Moscow denies deliberately targeting civilians, but thousands have died or suffered injuries in the more than 27 months of fighting.

Kharkiv regional governor Ihor Syniehubov on Saturday said that nearly 10,000 civilians had to be evacuated from frontline areas near the Russian border. Only 100 residents remain in Vovchansk, the border town at the centre of Moscow’s grinding push that is now largely in ruins.
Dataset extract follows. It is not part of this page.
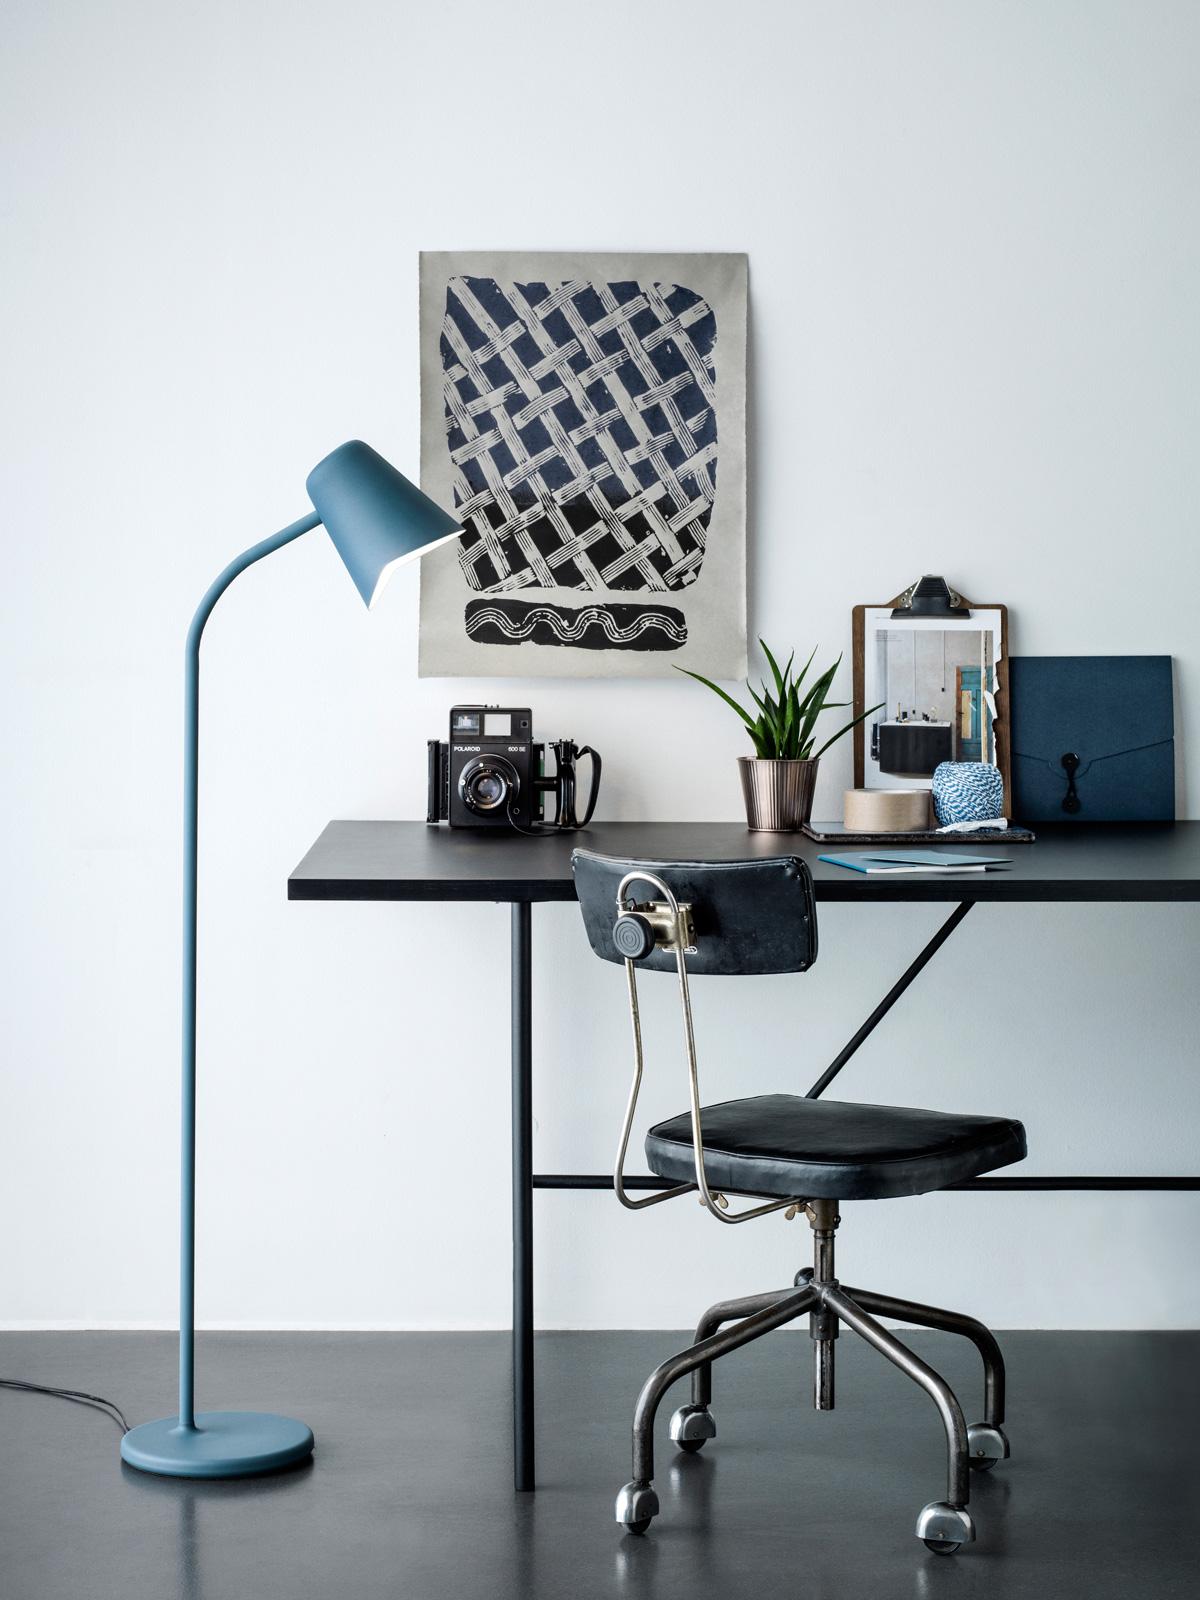 Blaue Stehlampe Me von Northern Lighting - neue Leuchten und Lampen Designort Onlineshop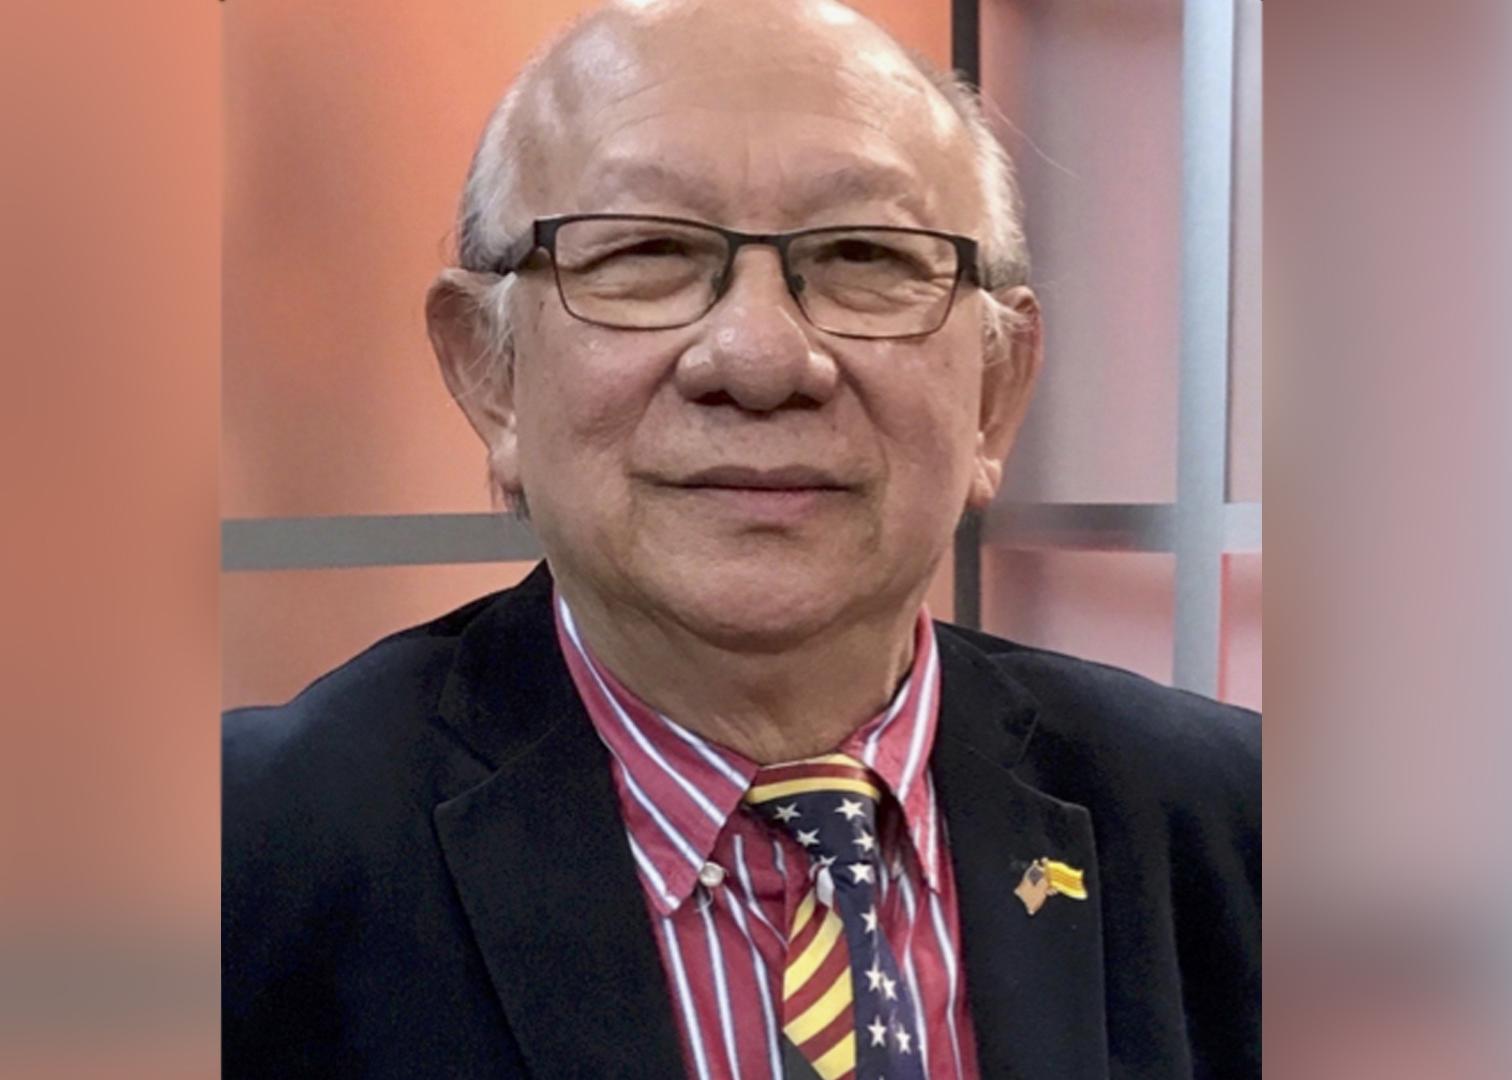 Ông Nguyễn Văn Tánh, Chủ Tịch Cộng Đồng Người Việt Quốc Gia Liên Bang Hoa Kỳ qua đời

The town had a pre-war population of more than 17,400.


Smoke rises after a Russian attack in Kharkiv, Ukraine
Moscow launched a new offensive on Ukraine’s second-largest city (AP Photo/Evgeniy Maloletka)

The US last week announced a new 400 million dollar package of military aid for Ukraine, and President Joe Biden has promised that he would rush badly needed weaponry to the country to help it stave off Russian advances.

Still, only small batches of US military aid have started to trickle into the front line, according to Ukrainian military commanders, who said it will take at least two months before supplies meet Kyiv’s needs to hold the line.

Thousands of Ukrainians have fled the country to avoid the draft since Russia’s all-out invasion in February 2022, some risking their lives as they tried to swim across a river separating Ukraine from neighbouring Romania and Hungary.

Late on Friday, Ukraine’s border service said that at least 30 people have died trying to cross the Tisza River since the full scale-invasion.

Romanian border guards days earlier retrieved the near-naked, disfigured body of a man that appeared to have been floating in the Tisza for days, and is the 30th known casualty, the Ukrainian agency said in an online statement. It said the man has not yet been identified.